→ **Prompt**:
For each line in the material below that holds "with", copy that line.

>>>

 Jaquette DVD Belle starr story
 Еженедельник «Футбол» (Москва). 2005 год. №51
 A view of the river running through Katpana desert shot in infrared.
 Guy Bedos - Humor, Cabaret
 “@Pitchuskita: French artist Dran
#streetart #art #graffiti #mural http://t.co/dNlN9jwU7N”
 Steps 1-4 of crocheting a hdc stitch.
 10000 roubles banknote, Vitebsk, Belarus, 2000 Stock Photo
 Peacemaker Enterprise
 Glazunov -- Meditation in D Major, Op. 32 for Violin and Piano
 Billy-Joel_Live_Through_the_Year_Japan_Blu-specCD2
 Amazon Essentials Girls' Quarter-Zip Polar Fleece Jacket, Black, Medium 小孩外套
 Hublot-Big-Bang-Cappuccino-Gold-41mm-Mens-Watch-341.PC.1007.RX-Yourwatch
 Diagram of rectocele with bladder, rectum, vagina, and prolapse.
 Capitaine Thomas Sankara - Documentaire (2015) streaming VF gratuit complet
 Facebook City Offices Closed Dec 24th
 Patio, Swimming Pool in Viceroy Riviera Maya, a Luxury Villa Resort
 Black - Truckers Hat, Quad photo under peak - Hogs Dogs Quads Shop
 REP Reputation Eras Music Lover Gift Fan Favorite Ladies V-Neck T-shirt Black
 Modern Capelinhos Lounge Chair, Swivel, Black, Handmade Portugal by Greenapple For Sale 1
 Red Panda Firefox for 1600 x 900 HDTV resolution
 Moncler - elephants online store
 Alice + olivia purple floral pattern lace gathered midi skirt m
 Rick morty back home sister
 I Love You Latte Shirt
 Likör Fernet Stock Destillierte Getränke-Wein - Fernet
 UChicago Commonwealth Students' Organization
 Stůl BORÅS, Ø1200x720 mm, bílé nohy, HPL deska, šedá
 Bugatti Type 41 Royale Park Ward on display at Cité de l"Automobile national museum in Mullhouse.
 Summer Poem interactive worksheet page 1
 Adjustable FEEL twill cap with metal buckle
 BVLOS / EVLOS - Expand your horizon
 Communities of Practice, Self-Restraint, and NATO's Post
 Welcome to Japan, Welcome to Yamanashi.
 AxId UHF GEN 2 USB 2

<<<

→ **Exercise solution**:
 Diagram of rectocele with bladder, rectum, vagina, and prolapse.
 Adjustable FEEL twill cap with metal buckle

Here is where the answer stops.